Speaker Identification through Gender Detection
Mir Md Taosif Nur, Sumaiya Sultana Dola, Apurba Kishore Banik, Tanzeem Akhter, Nafees Hossain, A. B. M. Alim Al Islam, Jannatun Noor · 2022 International Conference on Innovation and Intelligence for Informatics, Computing, and Technologies (3ICT) · 2022
In modern technological advancement, voice recognition has played an integral part in many machine learning algorithms, having diversified application areas such as speech recognition, building better access control systems and security systems, etc. The goal of this research is to compare the results of two voice recognition methods, the first method involves identifying a speaker by first determining his/her gender using various machine learning techniques and then cross-matching the voice sample with the detected genders in the dataset using a pattern recognition algorithm. The second method uses the same pattern recognition algorithm on the voice sample without performing gender detection.

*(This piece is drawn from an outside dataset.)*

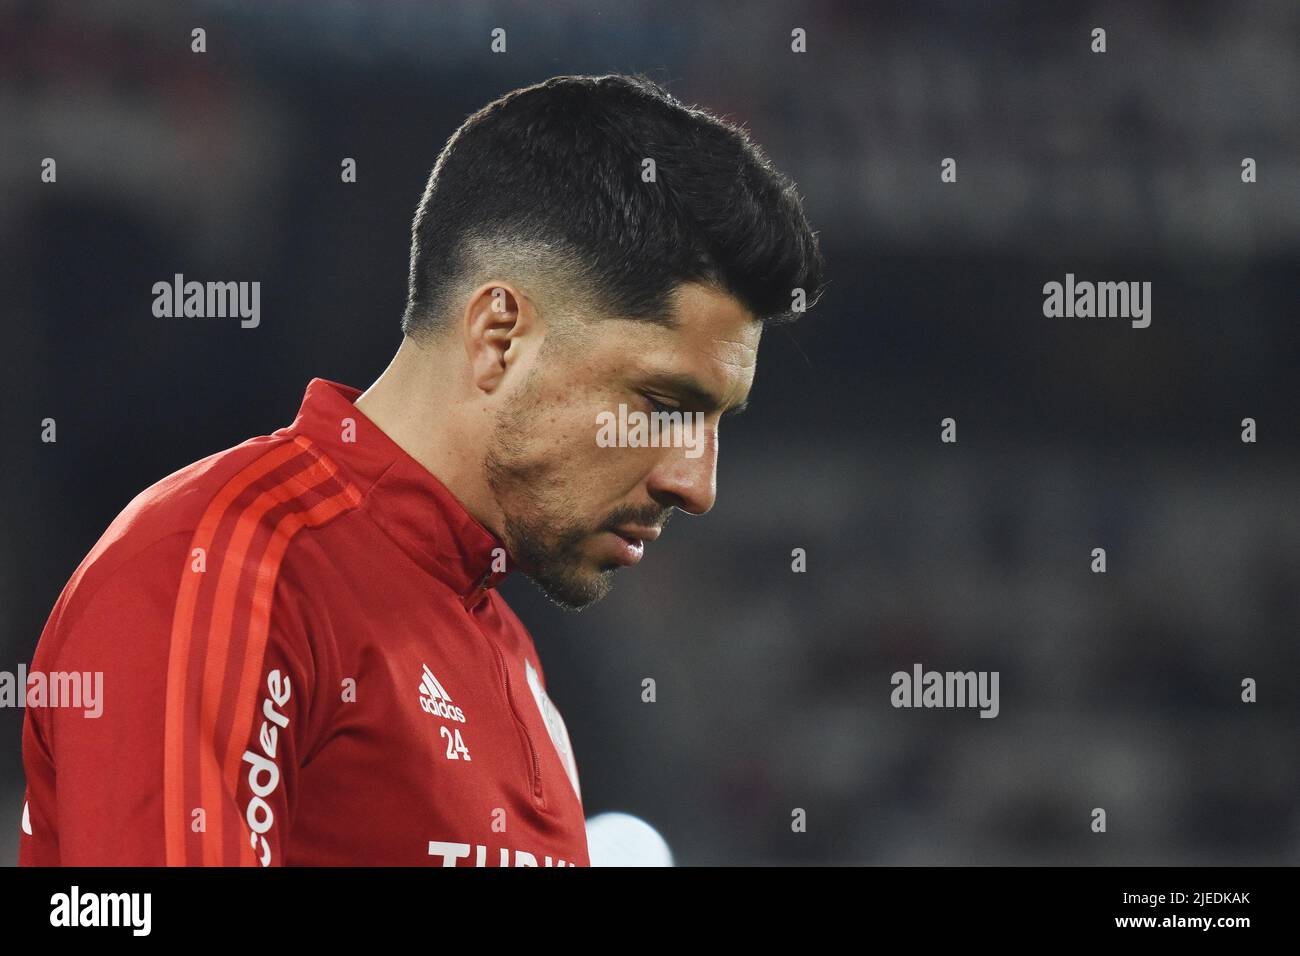 Buenos Aires, Arg - June 27. Enzo Perez of River Plate during a Liga de Fútbol Profesional match between River and Lanús at Estadio Monumental. Stock Photo

To do so, we have utilized Mel Frequency Cepstral Coefficients (MFCC) for extracting audio features and used machine learning algorithms such as MLP, RBFN, Random Forest, KNN, Gradient Boosting, Decision Tree, Naive Bayes, Logistic Regression, and SVM for gender detection then compared the results between the nine classifiers. Then, pattern recognition algorithm GMM is applied for the detection of an individual. A dataset of our own and a readymade dataset from Kaggle were used for the research. Gradient Boosting and Random Forest showed high performance in both datasets in case of gender detection. Subsequently, combining gender detection algorithm with GMM led to improved accuracy in some instances.